It happened in Copenhagen. Hans Christian Andersen tells us that magic and imagination flourish on Danish soil, and the tourism industry builds on that proposal at every turn. My own frequent visits to Wonderful Copenhagen and its environs–for work and play–make me suspect there’s some truth in the idea.

One Friday, many summers ago, the Danish friend with whom I was staying told me about an upcoming weekend fair of vintage items (one of my fatal passions) and offered to drive me out there–god knows where, to hell and gone–in her zippy little white car. We took off the next morning, early, for the opening, so as not to miss a single treasure. Of course it was raining. It seems as if it’s always raining in Denmark, or has just rained, or is threatening to do so, or is expressing its melancholy indecision with a fine drizzle.

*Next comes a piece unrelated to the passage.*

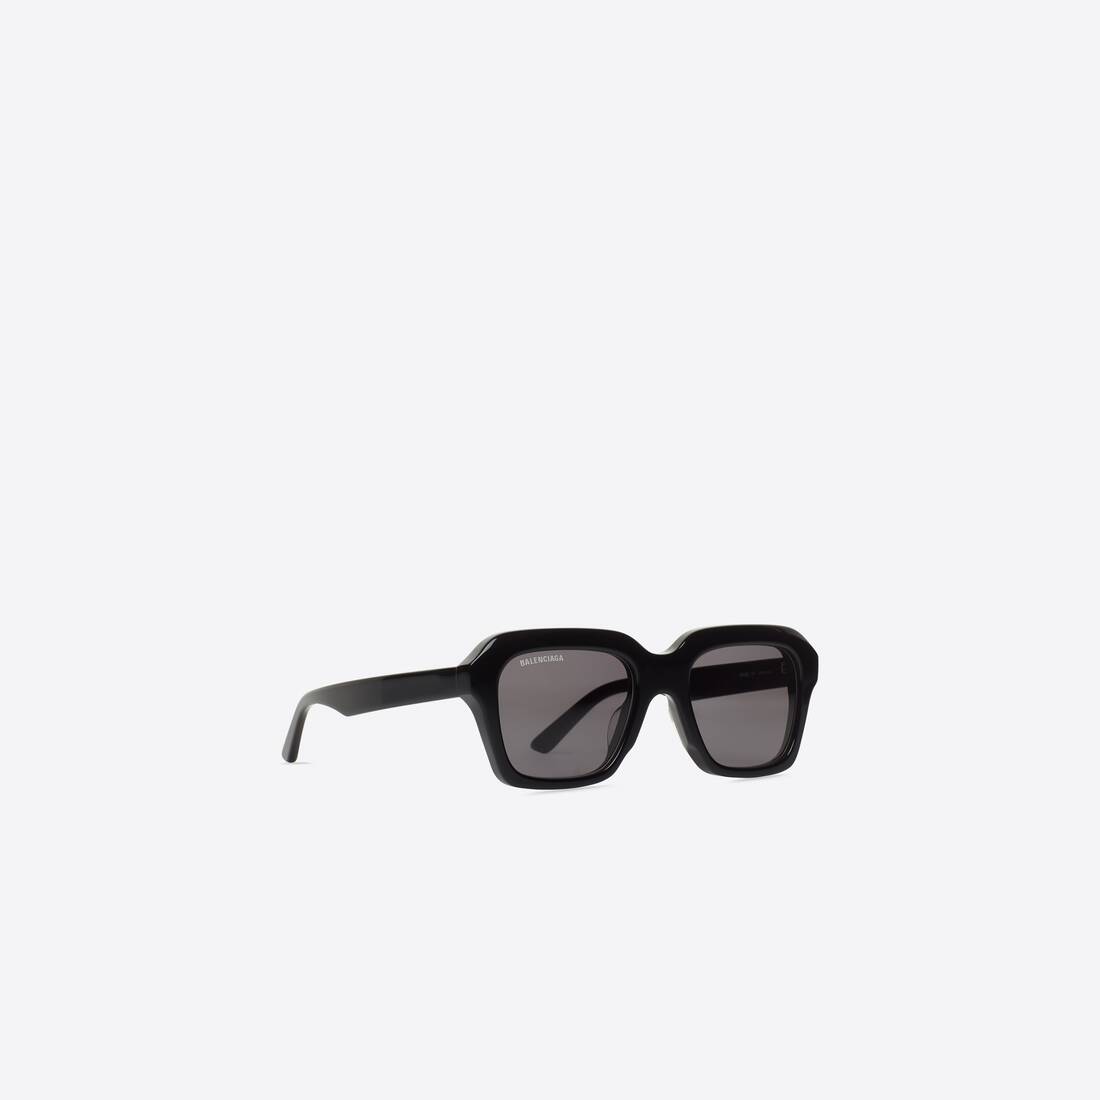 Power Rectangle Sunglasses in Black

The fair was a pretty high-end deal, being annual and indoors. Typically, it featured articles for the home: china, silver, glass, mid-century modern furniture–for all of which Denmark is justly celebrated. Historically, however, dress has not been the culture’s forte. Until recent decades, dowdiness and dull convention were the norm, considered a virtue perhaps. Yet here it was, hanging high from the top of a door, askew on a wire hanger, the dress that made my heart leap up with Wordsworthian delight, the dress that seemed created for me though it was surely a product of the Thirties, the dress that ignited my usually feeble streak of greed so that all I could think was Mine! Mine! Mine!

It was made of heavy black crepe with a dull finish. The top, including the long sleeves, was encrusted with jet beading and scrolling embroidery boldly laid out in an elaborate design that conjured up leaf and blossom without portraying either literally. The proportions of this magnificent bodice suggested that the garment was intended for a mature lady in possession of a large mono-bosom. I am more delicately endowed. I imagined the original owner of the dress looking like my grandmother in full regalia: majestic and bulletproof.

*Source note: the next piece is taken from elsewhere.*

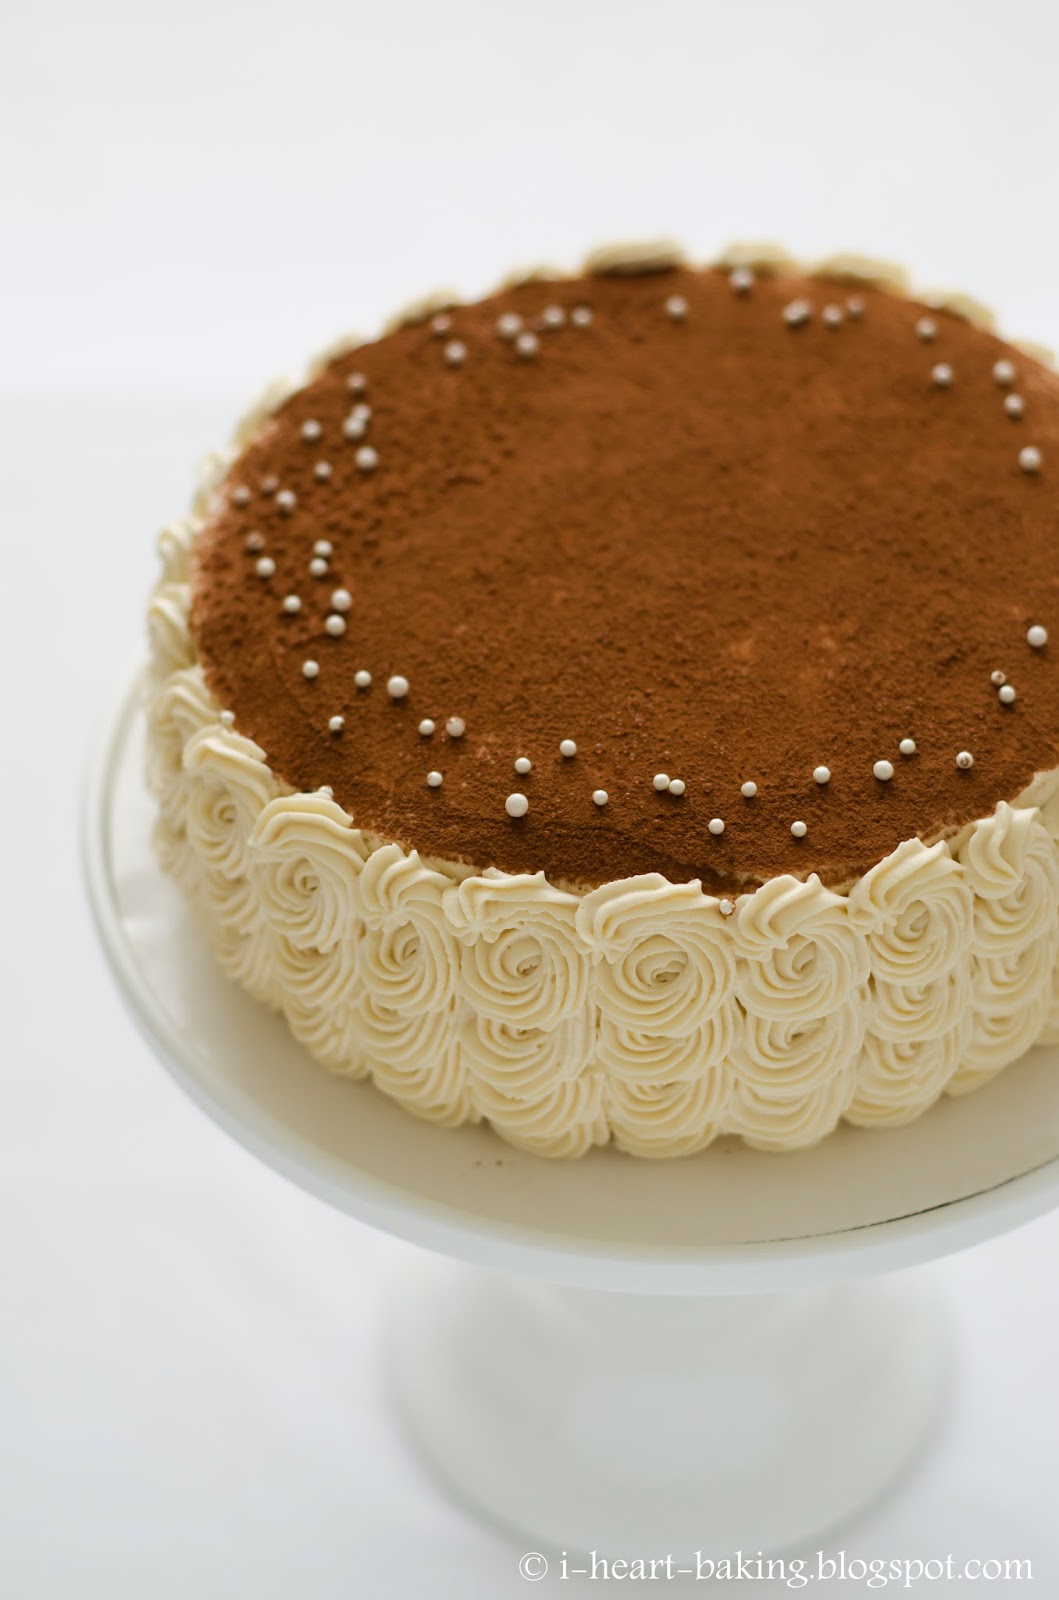 i heart baking!: tiramisu birthday cake with piped swirl ruffle sides

The skirt was appropriately more reticent, but not without its own subtle dignity. A wide panel of pleats hung front and center. From the waist to the bottom of the pelvis, the pleats were sewn down; below, they flared free. The hemline, grown uneven with time, reached to what I guessed would be midway between the calf and ankle worn by a woman of average height.

Running down the back of the dress, as I was to discover, were twenty-six small buttons and complementary loops, all covered in the fabric of which the dress was made. This was what I’ve learned to call a “husband dress”–“Hon, would you do me up down the back?” Even if you’re very flexible, and I am, once the dress is on, you can only make the top half dozen and bottom half dozen closures, leaving a goodly number of your vertebrae naked to the gaze of society. Husbands and other sorts of housemates not always being around when you need them, I once, en route to one of those affairs requiring “festive dress,” had to ask a cab driver to do the job. But I’m getting ahead of my story, revealing that the dress became mine. Eventually. Let’s rewind.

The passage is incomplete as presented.